Подобные сны — с пытками, кровавыми убийствами и драками снились мне почти с самого раннего детства, не уверена, что был момент, когда сны оставляли меня надолго. Я привыкла к ним и перестала обращать внимания. Решила, что мне просто показывают сериал с бесчисленным количеством серий. Все бы ничего, только в последние пару лет сны стали посещать меня по несколько раз в неделю, а согласитесь, когда ты раз за разом просыпаешься, как после длительной пробежки, с ломотой в костях и болью в мышцах, вместо утренней бодрости, это сильно портит жизнь.
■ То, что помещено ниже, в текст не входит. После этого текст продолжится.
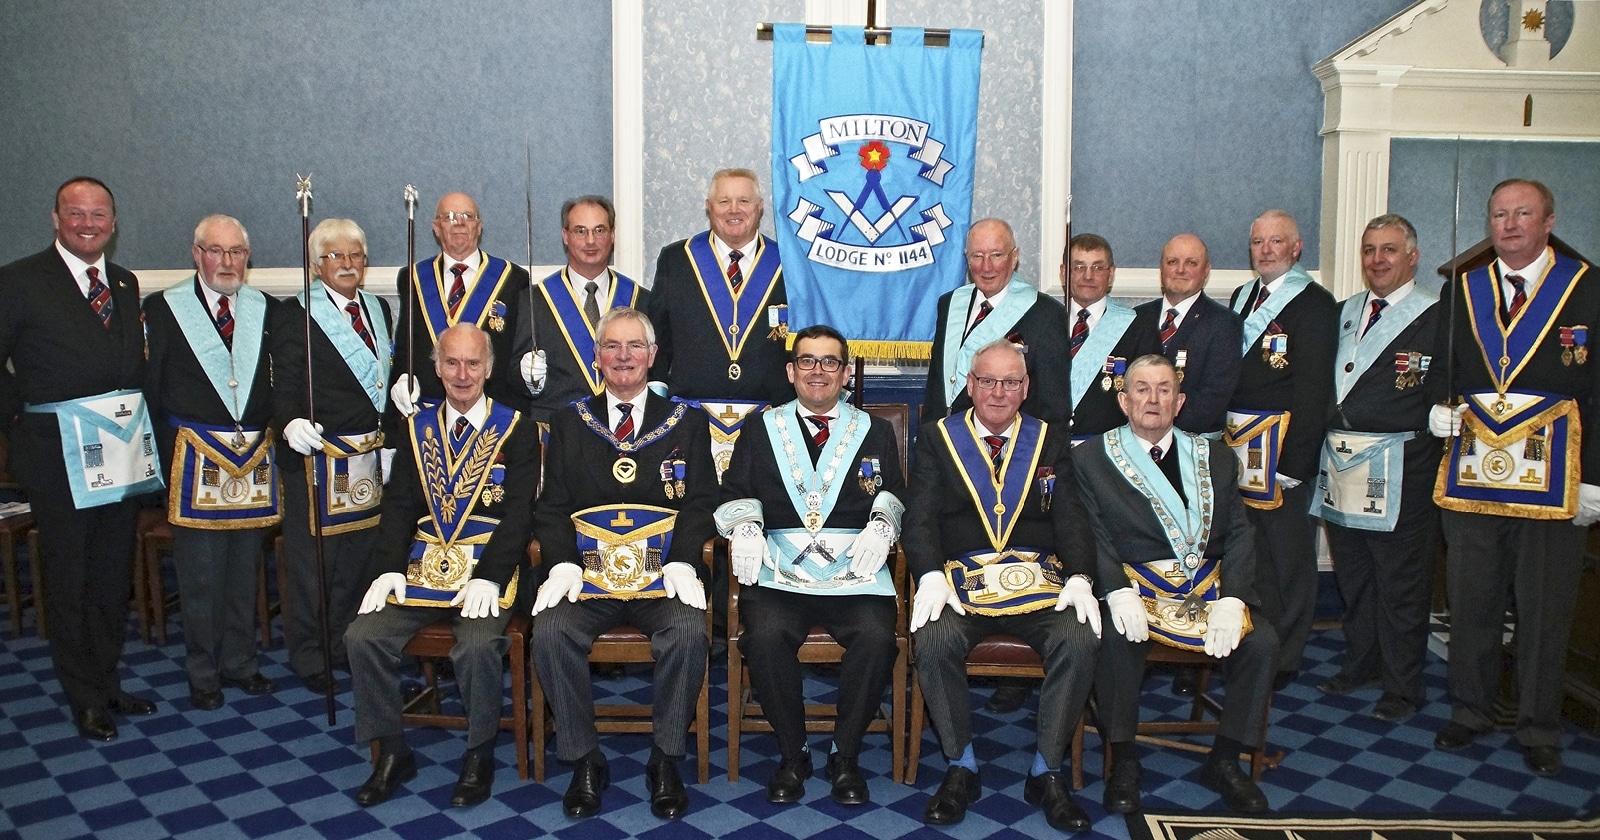 Milton Lodge – The Dedication of a new Lodge Banner

Только за последний месяц я пару раз чуть не попала под машину, просто потому что не заметила ее приближение. Все та же соображалка старательно предупреждала меня, что дело пахнет керосином, а еще больницей или даже крематорием. Я слушала, где-то внимала и старалась пить побольше кофе, отчего в последнее время стало покалывать в груди, точнее за грудиной, прямо по центру солнечного сплетения периодически кололо. Не сильно, не слишком больно, но кололо. Я даже автоматически проверяла пальцами это место, почему-то мне казалось, что там застряла булавка или канцелярский гвоздик, хотелось вытащить инородный предмет, и только убедившись, что ничего там нет, я вспоминала, что и быть не могло.
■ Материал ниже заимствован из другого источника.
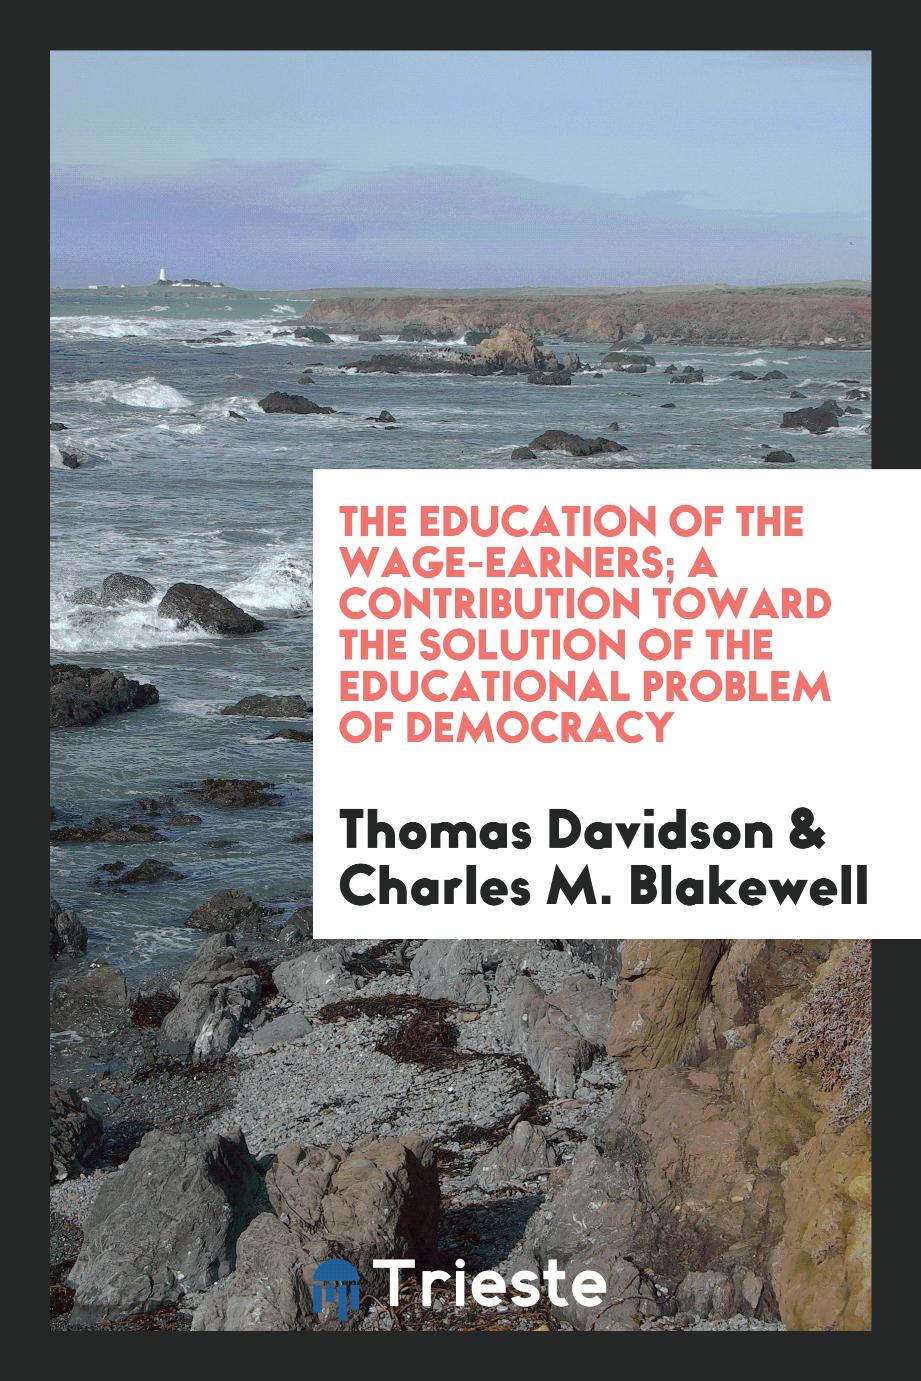 Thomas Davidson, Charles M. Blakewell - The Education of the Wage-Earners; A Contribution Toward the Solution of the Educational Problem of Democracy

Джек нырнул в кусты и с лаем понесся в темноту. Песик вел себя так, только если встречал на своем пути кошку, а значит в ближайшие пять минут его можно даже не звать. Я поплелась на лавочку. Внутренний двор нашего дома был разделен на две части. Одна: большая, была для деток и мамочек, с песочницами, горками и качелями; вторая: маленькая, огороженная большими клумбами квадратная полянка с лавочками и двумя большими столами, для посиделок или попросту летних пьянок. Сейчас, что странно, на ней никого не было. Я присела на лавочку и глянула на часы: двадцать два: двадцать три. Время моего рождения. Я улыбнулась и тихо шепнула сама себе очередное поздравление за сегодня. Вот мне и исполнилось двадцать пять, с четвертью века тебя, клюшка старая!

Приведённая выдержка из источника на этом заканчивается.